## WORK REQUEST
The expected output is a verbatim reprint of the lines from the beginning of the data that follows through the line that contains "plein air Oil".
━━ DATASET RECORDS ━━
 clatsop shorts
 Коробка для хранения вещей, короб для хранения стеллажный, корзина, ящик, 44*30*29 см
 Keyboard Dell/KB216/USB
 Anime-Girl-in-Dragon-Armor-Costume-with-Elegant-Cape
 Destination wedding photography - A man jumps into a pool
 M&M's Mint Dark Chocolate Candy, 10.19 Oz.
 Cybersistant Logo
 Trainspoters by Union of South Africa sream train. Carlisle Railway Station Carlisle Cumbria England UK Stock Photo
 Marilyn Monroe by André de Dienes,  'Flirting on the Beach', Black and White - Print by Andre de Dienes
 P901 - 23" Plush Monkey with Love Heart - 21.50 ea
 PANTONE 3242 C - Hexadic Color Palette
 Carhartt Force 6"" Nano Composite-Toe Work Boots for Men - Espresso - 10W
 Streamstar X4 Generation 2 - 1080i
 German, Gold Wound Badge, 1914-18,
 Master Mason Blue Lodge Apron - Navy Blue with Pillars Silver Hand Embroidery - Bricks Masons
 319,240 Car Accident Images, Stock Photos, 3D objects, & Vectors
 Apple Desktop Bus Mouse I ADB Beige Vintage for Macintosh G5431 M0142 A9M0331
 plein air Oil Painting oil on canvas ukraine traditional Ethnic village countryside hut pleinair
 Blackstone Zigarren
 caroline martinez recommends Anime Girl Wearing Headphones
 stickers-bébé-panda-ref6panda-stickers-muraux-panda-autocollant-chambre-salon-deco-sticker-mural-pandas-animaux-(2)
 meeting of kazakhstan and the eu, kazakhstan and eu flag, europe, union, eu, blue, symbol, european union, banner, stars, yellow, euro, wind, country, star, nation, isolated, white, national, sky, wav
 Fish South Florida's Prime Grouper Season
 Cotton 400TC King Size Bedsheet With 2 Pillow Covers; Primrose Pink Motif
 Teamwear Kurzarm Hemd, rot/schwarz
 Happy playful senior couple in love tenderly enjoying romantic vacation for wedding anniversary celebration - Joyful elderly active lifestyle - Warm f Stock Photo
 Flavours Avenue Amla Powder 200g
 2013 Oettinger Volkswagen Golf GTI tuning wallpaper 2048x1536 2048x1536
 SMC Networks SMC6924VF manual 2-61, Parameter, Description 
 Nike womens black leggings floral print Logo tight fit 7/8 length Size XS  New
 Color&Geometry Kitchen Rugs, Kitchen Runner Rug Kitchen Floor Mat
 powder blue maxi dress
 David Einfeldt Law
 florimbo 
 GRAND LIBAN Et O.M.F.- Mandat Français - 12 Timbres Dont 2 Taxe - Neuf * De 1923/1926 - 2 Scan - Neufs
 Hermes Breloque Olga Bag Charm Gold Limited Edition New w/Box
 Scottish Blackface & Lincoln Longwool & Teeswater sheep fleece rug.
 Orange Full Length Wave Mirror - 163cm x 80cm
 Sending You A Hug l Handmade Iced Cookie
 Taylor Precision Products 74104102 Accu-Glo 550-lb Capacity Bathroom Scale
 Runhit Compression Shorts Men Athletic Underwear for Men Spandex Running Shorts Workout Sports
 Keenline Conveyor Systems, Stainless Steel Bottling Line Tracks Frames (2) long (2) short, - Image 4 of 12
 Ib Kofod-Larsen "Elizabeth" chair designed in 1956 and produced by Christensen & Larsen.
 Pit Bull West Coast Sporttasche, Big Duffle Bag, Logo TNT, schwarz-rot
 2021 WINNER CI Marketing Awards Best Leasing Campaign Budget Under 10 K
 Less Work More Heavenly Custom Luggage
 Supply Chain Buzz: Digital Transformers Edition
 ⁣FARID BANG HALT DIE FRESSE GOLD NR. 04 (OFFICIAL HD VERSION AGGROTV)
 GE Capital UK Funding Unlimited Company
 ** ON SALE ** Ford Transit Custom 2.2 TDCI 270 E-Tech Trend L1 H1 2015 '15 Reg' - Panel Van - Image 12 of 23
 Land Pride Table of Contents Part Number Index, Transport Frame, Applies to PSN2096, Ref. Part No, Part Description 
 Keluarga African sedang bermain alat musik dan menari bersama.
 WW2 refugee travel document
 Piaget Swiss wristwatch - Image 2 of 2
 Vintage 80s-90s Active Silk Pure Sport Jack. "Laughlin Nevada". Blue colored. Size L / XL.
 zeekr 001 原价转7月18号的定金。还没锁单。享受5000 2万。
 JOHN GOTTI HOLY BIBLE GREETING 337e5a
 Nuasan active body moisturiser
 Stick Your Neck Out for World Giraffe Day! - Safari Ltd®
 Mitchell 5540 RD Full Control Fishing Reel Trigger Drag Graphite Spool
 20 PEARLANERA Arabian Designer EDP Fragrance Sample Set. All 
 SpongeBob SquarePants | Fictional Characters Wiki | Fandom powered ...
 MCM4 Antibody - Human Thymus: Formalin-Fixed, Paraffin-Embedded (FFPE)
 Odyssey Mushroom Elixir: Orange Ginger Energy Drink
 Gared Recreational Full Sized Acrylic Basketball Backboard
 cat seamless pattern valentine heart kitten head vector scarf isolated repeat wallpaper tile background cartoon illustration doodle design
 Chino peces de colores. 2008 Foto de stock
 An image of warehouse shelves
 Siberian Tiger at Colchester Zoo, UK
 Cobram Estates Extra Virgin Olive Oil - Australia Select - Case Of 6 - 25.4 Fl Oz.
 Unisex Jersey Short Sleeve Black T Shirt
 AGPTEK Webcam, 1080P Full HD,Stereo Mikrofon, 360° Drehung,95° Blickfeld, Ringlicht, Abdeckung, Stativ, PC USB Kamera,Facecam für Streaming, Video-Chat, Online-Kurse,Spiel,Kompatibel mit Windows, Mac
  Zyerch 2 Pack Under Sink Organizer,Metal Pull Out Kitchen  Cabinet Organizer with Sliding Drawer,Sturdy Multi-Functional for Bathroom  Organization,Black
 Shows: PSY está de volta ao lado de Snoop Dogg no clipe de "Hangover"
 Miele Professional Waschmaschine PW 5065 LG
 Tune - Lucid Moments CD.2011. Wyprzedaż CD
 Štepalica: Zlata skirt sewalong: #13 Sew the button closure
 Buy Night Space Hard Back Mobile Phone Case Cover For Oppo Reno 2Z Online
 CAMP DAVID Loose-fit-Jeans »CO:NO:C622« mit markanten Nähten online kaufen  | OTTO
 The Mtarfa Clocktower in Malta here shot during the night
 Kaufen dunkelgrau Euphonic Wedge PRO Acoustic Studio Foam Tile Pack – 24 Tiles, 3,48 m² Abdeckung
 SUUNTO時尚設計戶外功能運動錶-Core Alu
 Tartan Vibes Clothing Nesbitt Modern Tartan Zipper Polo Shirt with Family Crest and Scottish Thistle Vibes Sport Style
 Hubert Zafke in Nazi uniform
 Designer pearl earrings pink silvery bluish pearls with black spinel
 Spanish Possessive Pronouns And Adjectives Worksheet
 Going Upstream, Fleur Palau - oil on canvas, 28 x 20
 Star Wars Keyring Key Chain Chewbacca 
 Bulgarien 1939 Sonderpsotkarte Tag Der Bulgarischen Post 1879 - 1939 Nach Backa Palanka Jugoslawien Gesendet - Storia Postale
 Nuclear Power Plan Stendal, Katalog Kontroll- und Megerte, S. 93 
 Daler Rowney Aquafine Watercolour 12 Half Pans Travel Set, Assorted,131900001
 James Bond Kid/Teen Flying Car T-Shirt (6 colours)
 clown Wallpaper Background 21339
━━━
## PROBLEM SOLUTION
 clatsop shorts
 Коробка для хранения вещей, короб для хранения стеллажный, корзина, ящик, 44*30*29 см
 Keyboard Dell/KB216/USB
 Anime-Girl-in-Dragon-Armor-Costume-with-Elegant-Cape
 Destination wedding photography - A man jumps into a pool
 M&M's Mint Dark Chocolate Candy, 10.19 Oz.
 Cybersistant Logo
 Trainspoters by Union of South Africa sream train. Carlisle Railway Station Carlisle Cumbria England UK Stock Photo
 Marilyn Monroe by André de Dienes,  'Flirting on the Beach', Black and White - Print by Andre de Dienes
 P901 - 23" Plush Monkey with Love Heart - 21.50 ea
 PANTONE 3242 C - Hexadic Color Palette
 Carhartt Force 6"" Nano Composite-Toe Work Boots for Men - Espresso - 10W
 Streamstar X4 Generation 2 - 1080i
 German, Gold Wound Badge, 1914-18,
 Master Mason Blue Lodge Apron - Navy Blue with Pillars Silver Hand Embroidery - Bricks Masons
 319,240 Car Accident Images, Stock Photos, 3D objects, & Vectors
 Apple Desktop Bus Mouse I ADB Beige Vintage for Macintosh G5431 M0142 A9M0331
 plein air Oil Painting oil on canvas ukraine traditional Ethnic village countryside hut pleinair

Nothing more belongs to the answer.